Submitted by on May 15, 2019 – 4:40 pm

Doug Vickers plays a citizen in a small town panicked by a rash of unexplained deaths in Ionesco’s ‘Killing Game,’ directed by Dado. (Images © Fadeout Foto)

“Killing Game,” by Eugène Ionesco, at A Red Orchid Theatre through June 23. ★★★★
By Nancy Malitz

Does life seem absurd no matter which way you try to connect the dots? Wondering what’s the point? (What with the whole world losing its grip and all.)

I’ve got the play for you – Eugène Ionesco’s “Killing Game” (or “Jeux de massacre” in the original French) by the Rumanian-born French dramatist who crawled out of the devastation of two world wars with a razor-sharp talent for skewering our relentless attempts to make sense of why we are even here on this planet.

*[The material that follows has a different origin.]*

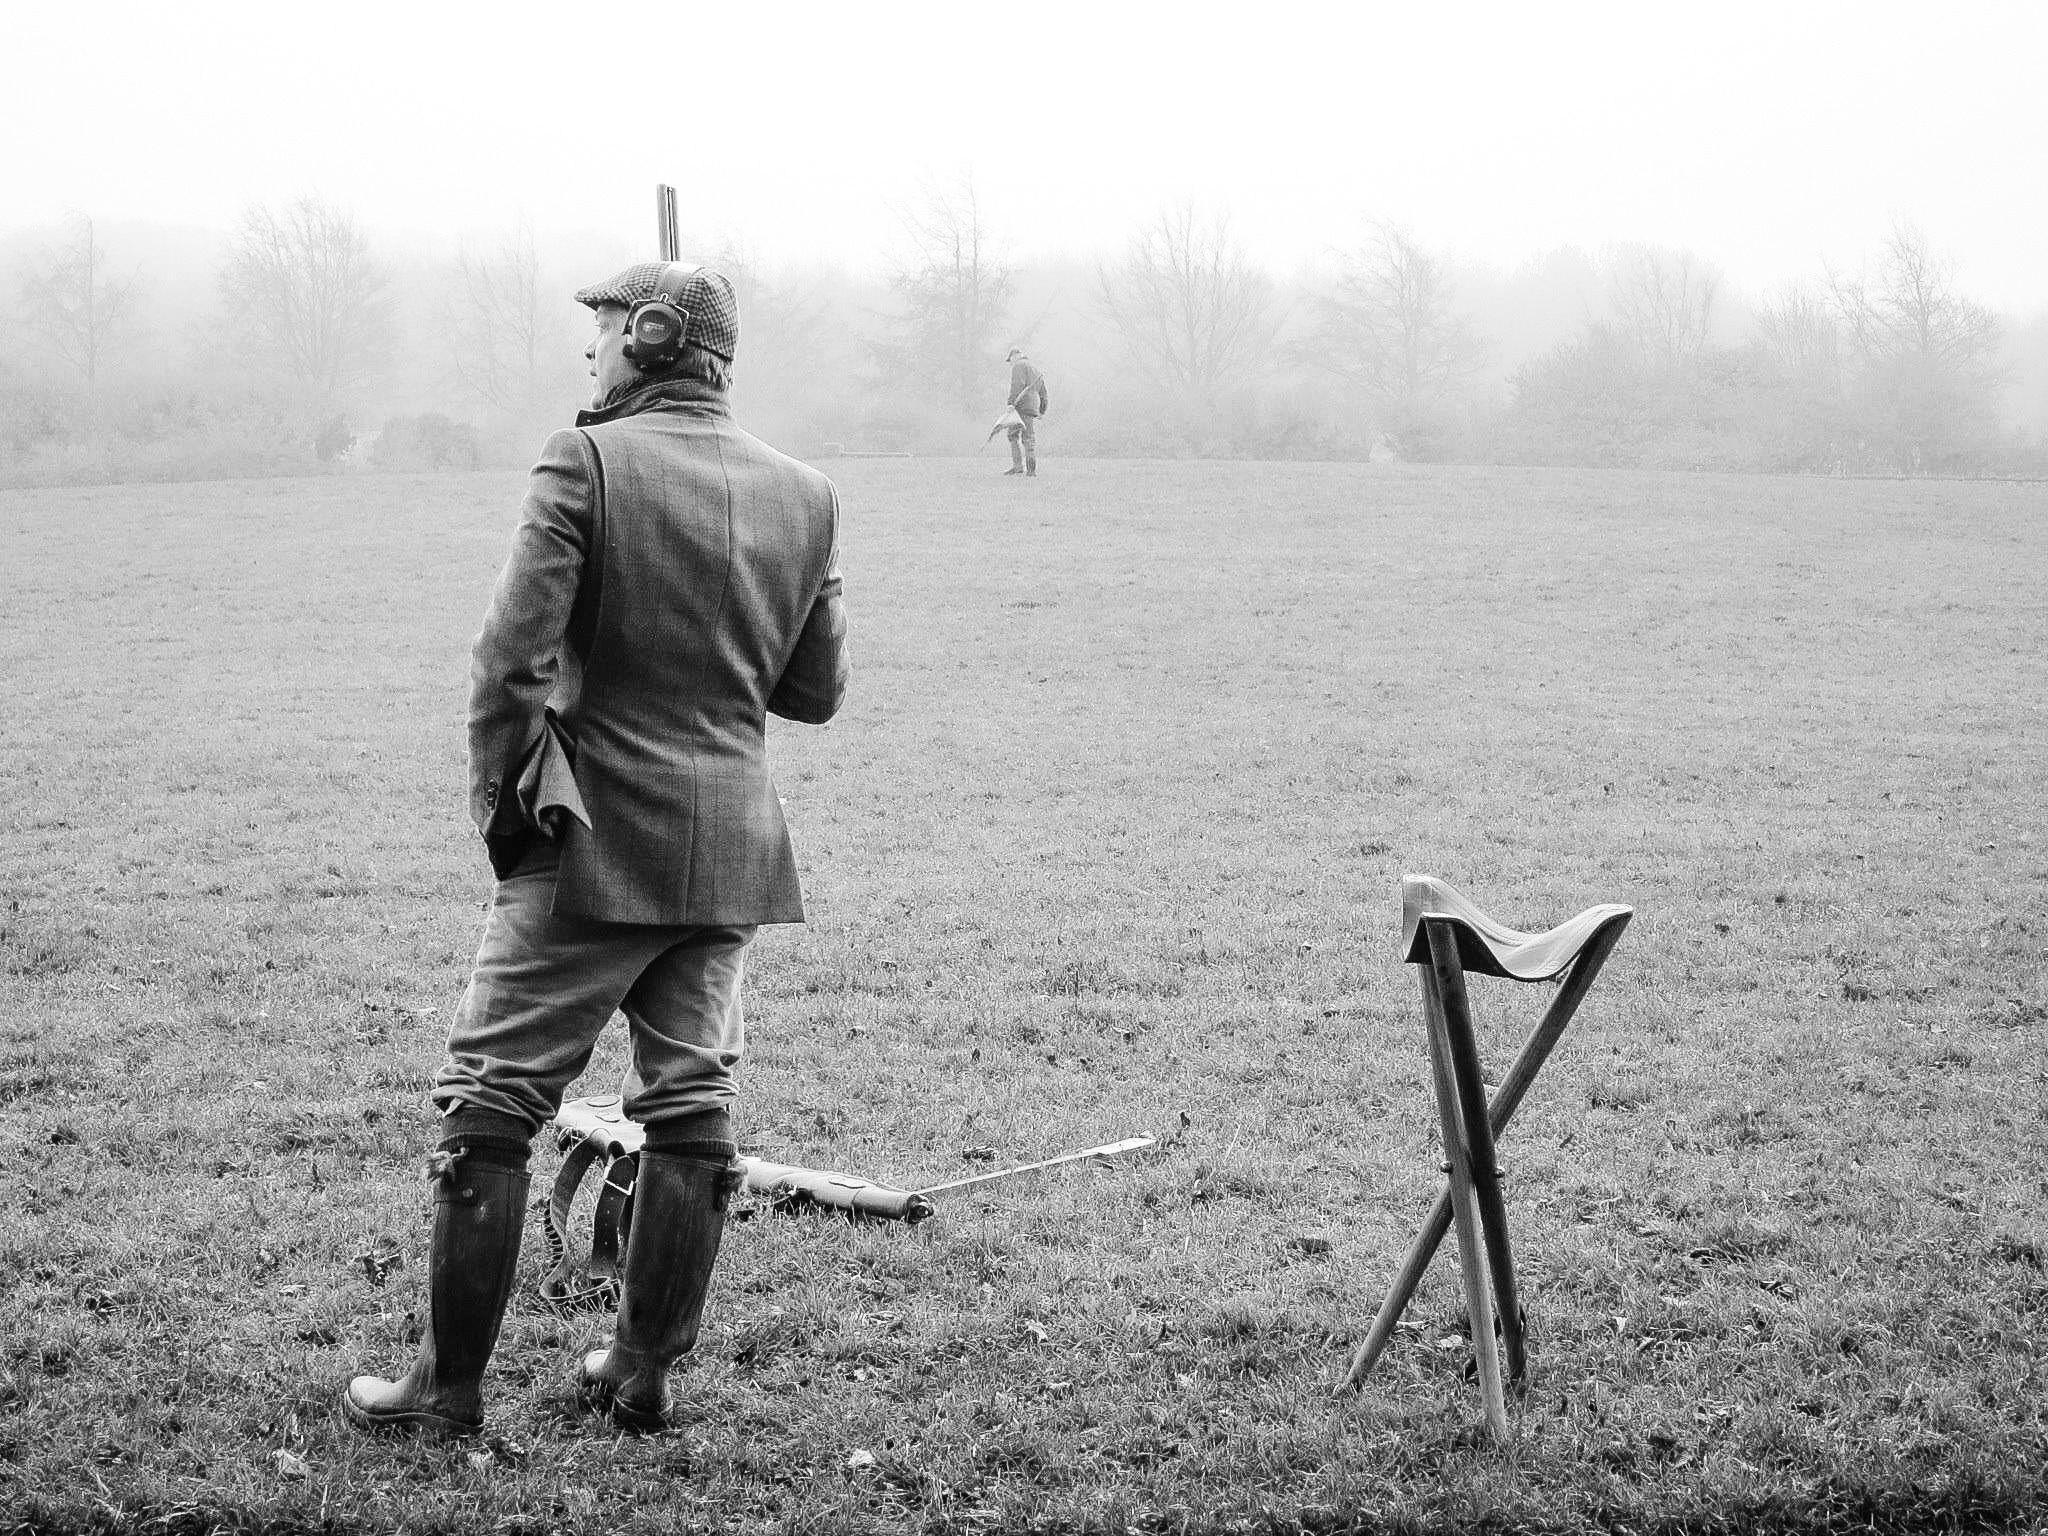 Pheasant shoot Pheasant shooting, Hunting life, Country life

“Killing Game” won’t solve the Big Riddle for you. But this imaginative production directed by Dado will provide you with acidly brilliant company at A Red Orchid Theatre, where 13 skilled actors play many, many roles – because otherwise their parts would have been exceedingly brief. The citizens of this small town are dropping dead in dizzying succession, and in often ridiculous fashion, of an unknown cause.

Don’t bother to keep track. They all die. Doug VIckers, Katherine Mallen Kupferer and May Louw Hlava play doomed swells, then come back to play other citizens.

At first, the rattled survivors speculate in wacky ways about the nature of this plague, wagging their fingers at those other districts, those other people, their sinful ways, their money or lack thereof, their dirt, their pets, and pressing for sequestration, hocus pocus, curses, punishment.

The initial self-denial, in the plague’s early stages, is well summed up by the youngest actor, smart fifth-grader Katherine Mallen Kupferer, who plays the formidable wife of a waning man in a building that has been, so far, free of the scourge: “He’s not sick!,” she proclaims repeatedly, with a regal ring of authority, as evidence of the town’s losing bargain with death resounds with a thud.

(Here’s a shout-out to the unidentified actor who plays the silent, crow-like hulk on stilts – a towering grim reaper who hobbles through occasionally. His awesome oversize look was created by puppet designer Samantha Rausch; the cast’s ghoulish threads throughout were by costume designer Kotryna Hilko.)

Ionesco once said he worried the theater public might lose its taste for tragedy because there had been so many disasters in the world people  wanted to forget. But that has not happened, and meanwhile Ionesco’s brilliant dark comedies underscore his oft-repeated belief that “the world is a joke that God has played on man. We enter His game, we join His game.” Scenic designer Grant Sabin’s droll, off-angle, off-kilter, disintegrating world and composer Elenna Sindler’s sly, penetrating music matched that tone.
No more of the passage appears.